On that day Pharaoh ordered the taskmaster over the people and its foremen, saying, “You shall no longer give straw to the people to manufacture the bricks as yesterday and the day before yesterday; let them go and gather straw for themselves. But the quota of bricks that they were making yesterday and before yesterday you shall impose upon them- do not reduce it- for they are lazy; therefore they cry out saying, ‘Let us go and bring offerings to our G-d.’ Let the work be heavier upon the men and let them engage in it, and let them not pay attention to false words.” (Shemos 5:6-9)

Pharaoh was not the first or the last evil genius to employ this very strategy to capture the bodies and minds of humanity. The Nazis too had a saying upon the gates entering Auschwitz, “Arbeit Macht Frei-Work Makes Free”. If people will be kept distracted and busy enough then they will have been effectively enslaved and forever.
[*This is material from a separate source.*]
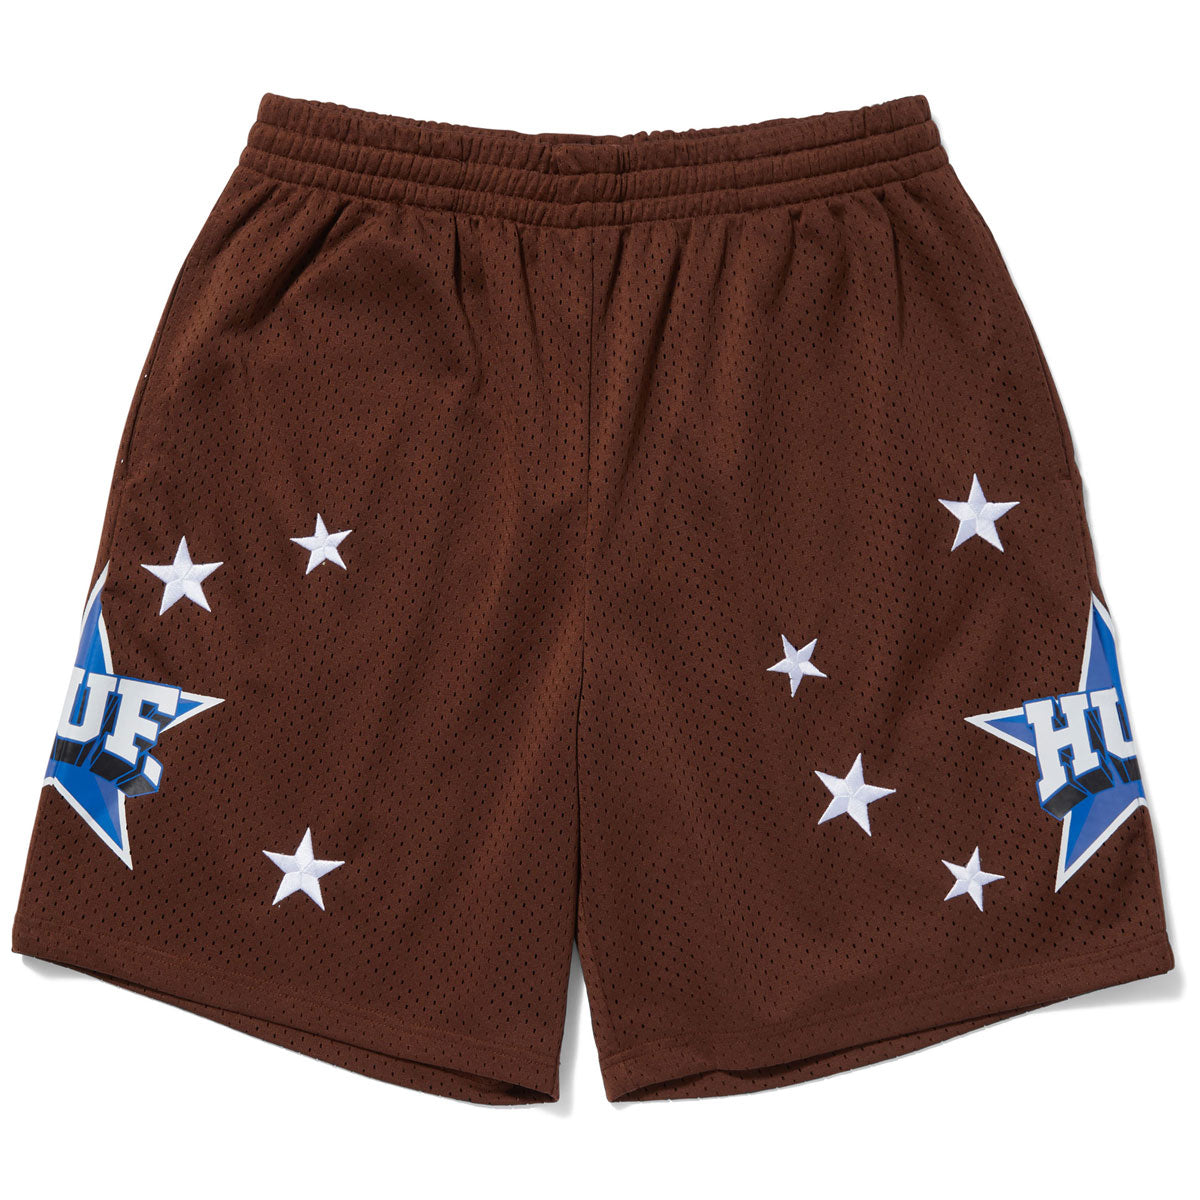 HUF All Star Basketball Shorts - Brown image 1

The Mesilas Yesharim latches onto this statement of Pharaoh explaining how this is actually the advice of Yetzer Hora- the evil inclination: “They pay not heed to their deeds and they fail to consider whether they should embrace them of flee from them… In other words, they were constantly propelled forward by the impulsiveness of their habits and ways, without leaving themselves time to critically examine their conduct. As a result, they fell into wrongdoing without being aware of it. This is surely the ploy of the evil inclination, which relentlessly labors to burden the hearts of the people until they are left with no spare moment to contemplate or to observe the path they are taking. For it knows that if they would only minimally devote attention to ways, they would no doubt, immediately begin to regret their deeds, and this regret would intensify until they would abandon their sin altogether.

This is similar to the advice of the wicked Pharaoh who said, “The work shall be made harder for the men, so that they should be busy doing it and not talk about trivialities.” His intent was not only to deny them any respite from their work but to take note of their plight or to plot against him, but also to prevent them from any reflection, by means of ceaseless toil.”

Decades before “Blackberry” Professor Leo Strauss observed about the confused state of the human condition: “…we can be or become wise in all matters of secondary importance, but we have to be resigned to utter ignorance in the most important respect: we cannot have any knowledge regarding the ultimate principles of our choices, i.e. regarding their soundness or unsoundness; our principles of have no other support that our arbitrary blind preferences. We are then in the position of beings who are sane and sober when engaged in trivial business and who gamble like madmen when confronted by serious issues – retail sanity and wholesale madness.”

Is there a solution? The Chazon Ish writes in Emunah v’ Bitachon, “When a person with a sensitive soul finds some quiet time to meditate on existence, away from the pulls of desire, astonishment overtakes him. The sight of the heavens above and the earth below fills him with emotion and wonder. The world suddenly strikes him as a mystery, a marvelous enigma…and the desire to fathom this mystery consumes his soul. He is willing to brave fire and water to gain understanding. He wonders, “What is the point of this life, however pleasant it may be, if its purpose eludes him?”

The first step might be to do something called “nothing”. In that pause be prepared to wade into the quiet of a Shabbos, away from the pulls of desire, and be overtaken by something astonishing.